У татарских ученых есть свои основания для критического отношения к автору «Казанской истории». Салям Алишев назвал это сочинение первым произведением в русской историографии, тенденциозно пытавшимся описывать историю межгосударственных отношений Казани и Москвы в целях оправдания русской агрессии. Автор всеми правдами и неправдами стремился показать победу Ивана Грозного в октябре 1552 года как долгожданный итог многолетней «священной» борьбы русских князей со своими «погаными» соседями – казанскими татарами.

«Несмотря на всю тенденциозность и легендарность, особенно в освещении ранних периодов истории Казани, хронологическая близость его написания к периоду существования Казанского ханства делает это произведение интересным источником. Особую ценность представляют краткие сведения о топографии и фортификации города, архитектурных сооружениях, упомянутых, правда, без четкой локализации» – такова точка зрения Ф.Хузина и А.Ситдикова. Сегодня для нас особый интерес представляют суждения автора о факте возникновения Казани.
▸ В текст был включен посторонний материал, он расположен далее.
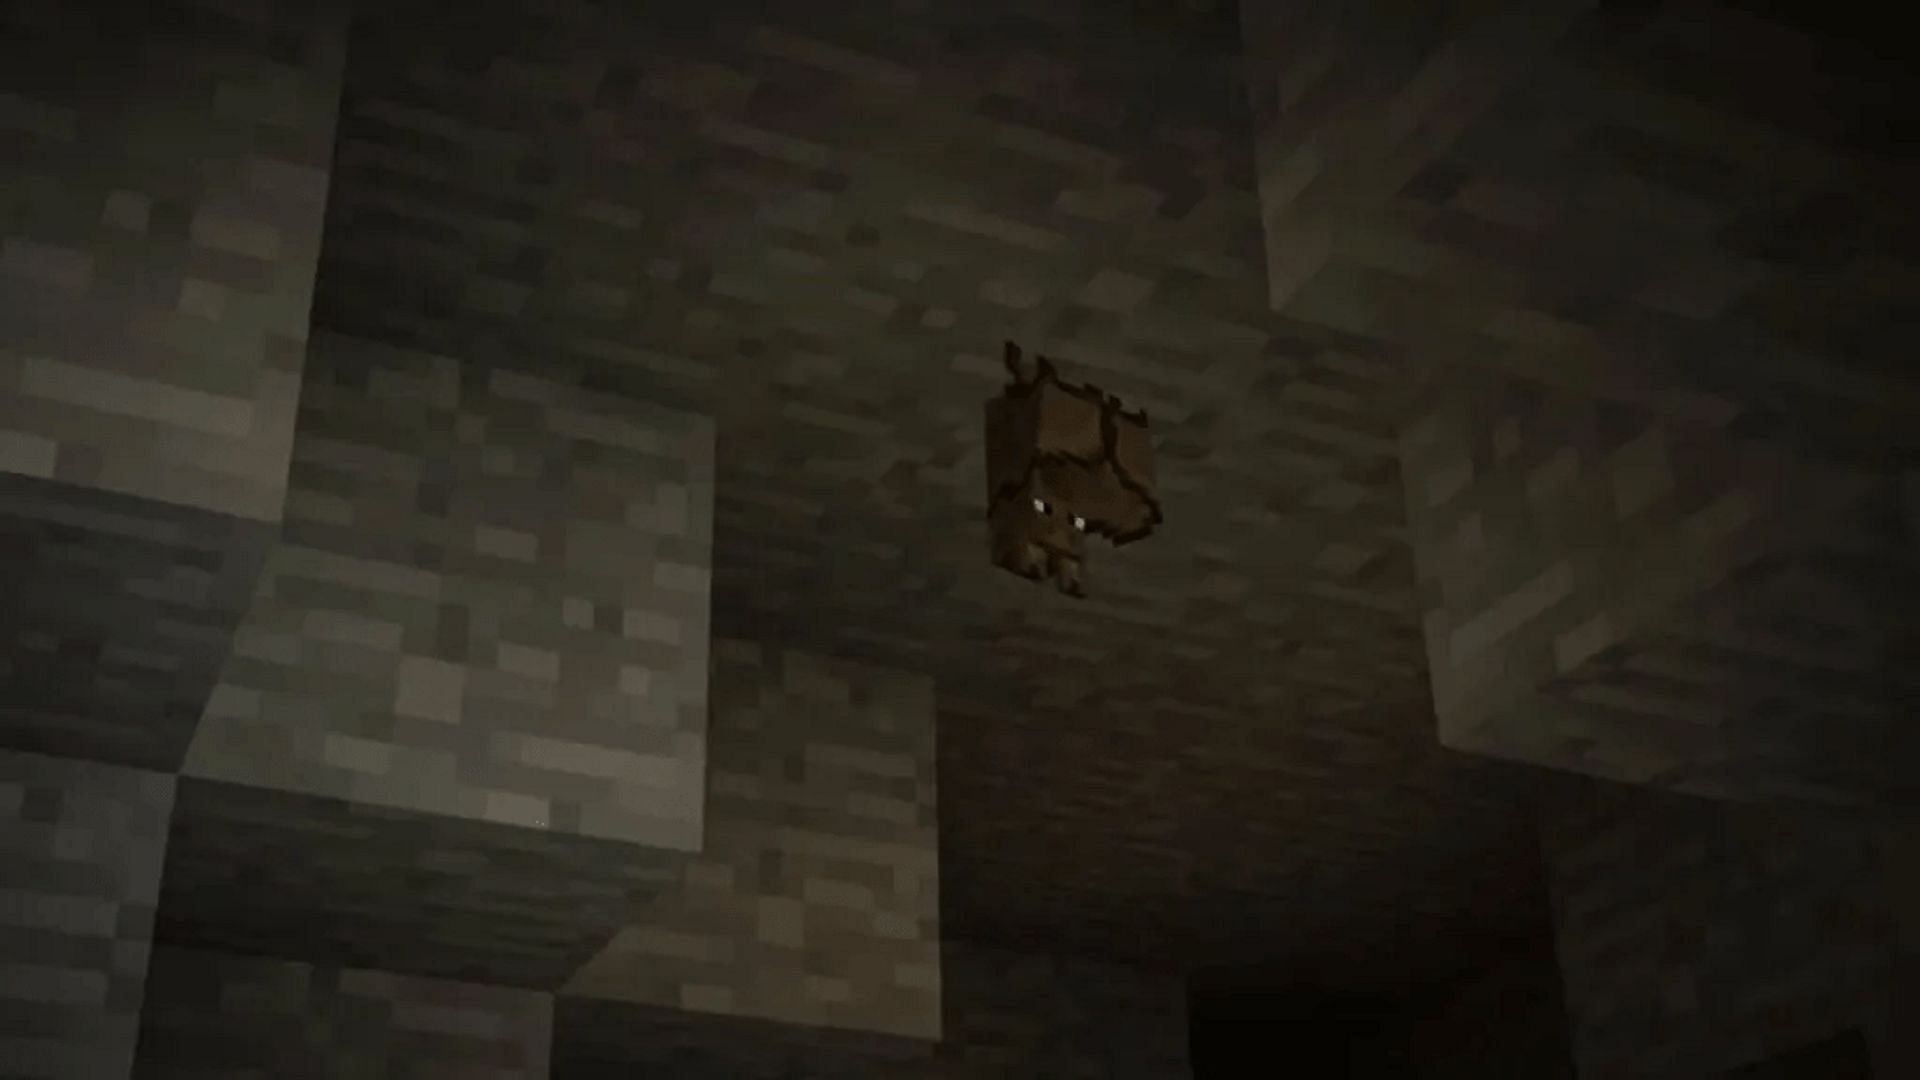 Bats in Minecraft tend to frequent tunnels (Image via Mojang)

Хотя сам он замечает, что не обладает необходимой информацией и пересказывает лишь то, что ему удалось услышать.

Предлагаем вашему вниманию фрагмент «Казанской истории» и мнение об этом документе Саляма Хатыповича Алишева, известного татарского ученого, доктора исторических наук, заслуженного деятеля науки РТ, автора 300 научных и научно-популярных трудов. Цитируем его новую книгу «Все об истории Казани» (Казань, изд-во «Раннур», 2005).

Казань – Котел золотое дно

Глава 1

От начала Русской земли, как рассказывают русские люди и варвары, там, где стоит теперь город Казань, все то была единая Русская земля, продолжающаяся в длину до Нижнего Новгорода на восток, по обеим сторонам великой реки Волги, вниз же – до болгарских рубежей, до Камы-реки, а в ширину простирающаяся на север до Вятской и Пермской земель, а на юг – до половецких границ. И все это была держава и область Киевская и Владимирская.
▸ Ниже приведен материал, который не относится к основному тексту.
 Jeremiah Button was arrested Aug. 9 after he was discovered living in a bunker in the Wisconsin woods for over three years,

За Камой же рекой жили в своей земле болгарские князья и варвары, держа в подчинении поганый черемисский народ, не знающий Бога, не имеющий никаких законов. И те и другие служили Русскому царству и дани давали до Батыева царя.
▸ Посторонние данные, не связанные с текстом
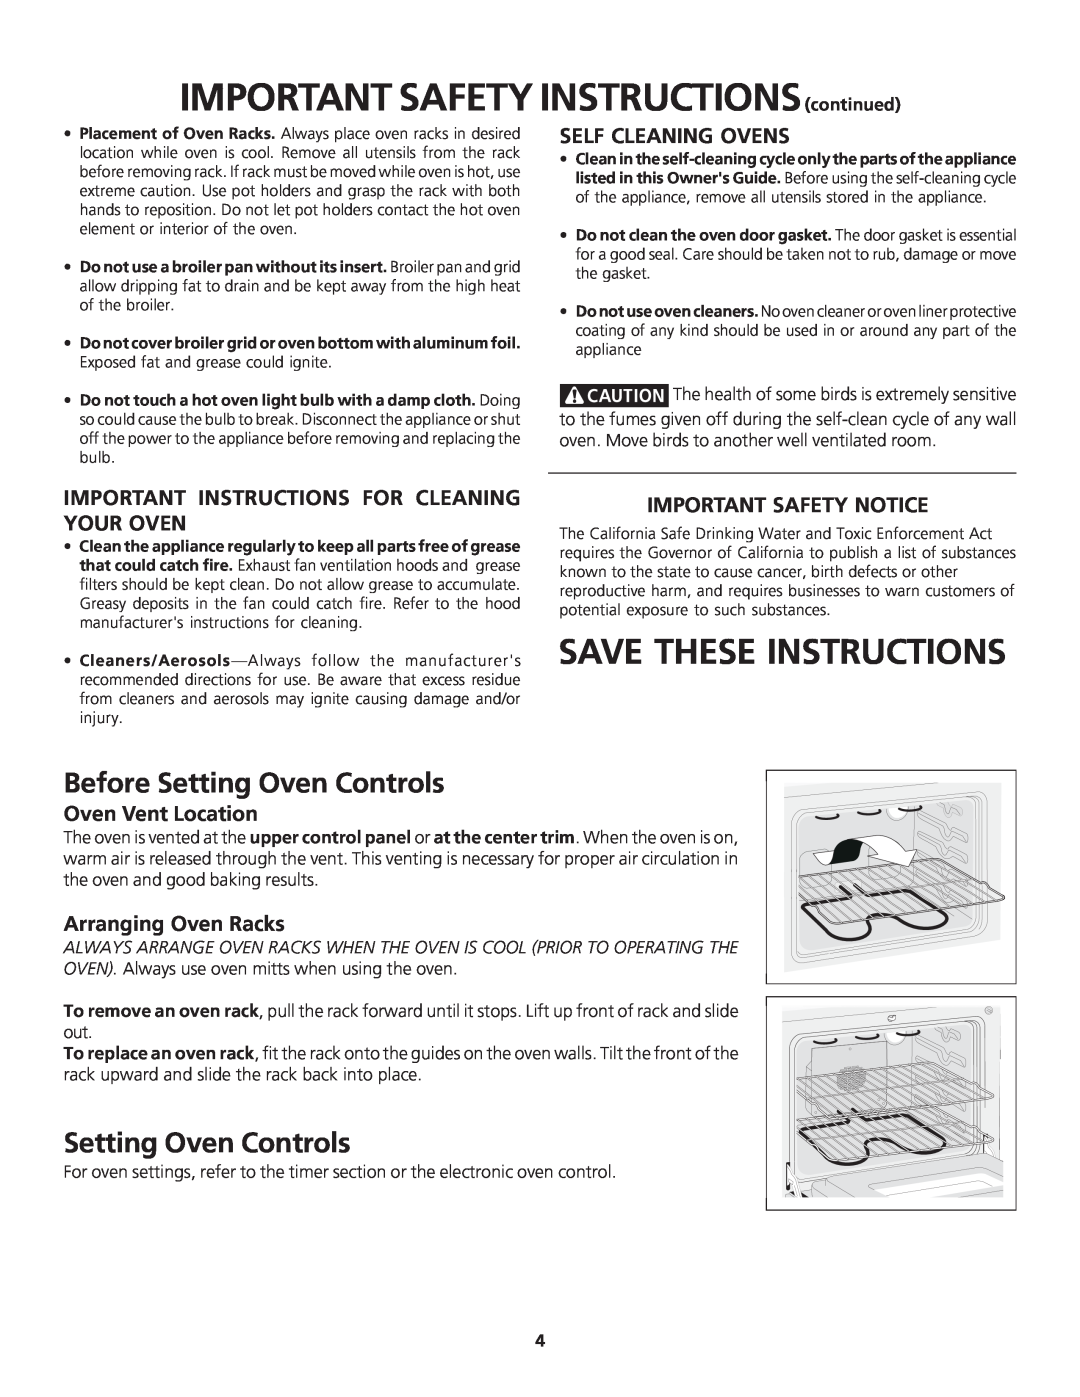 Frigidaire 0703, FEB24S2AS IMPORTANT SAFETY INSTRUCTIONScontinued, Before Setting Oven Controls, Self Cleaning Ovens

Об основании же Казанского царства – в какое время или как возникло оно – не нашел я в летописях русских, но немного видел в казанских. Много же и расспрашивал я искуснейших людей, русских сынов. Одни говорили так, другие иначе, ни один не зная истины.

За грехи мои случилось мне пленену быть иноверцами и сведену в Казань. И отдан я был в дар царю казанскому Сафа-Гирею. И взял меня к себе царь с любовью служить при дворе своем и назначил мне перед лицом его стоять. И был я удержан там, у него в плену, двадцать лет.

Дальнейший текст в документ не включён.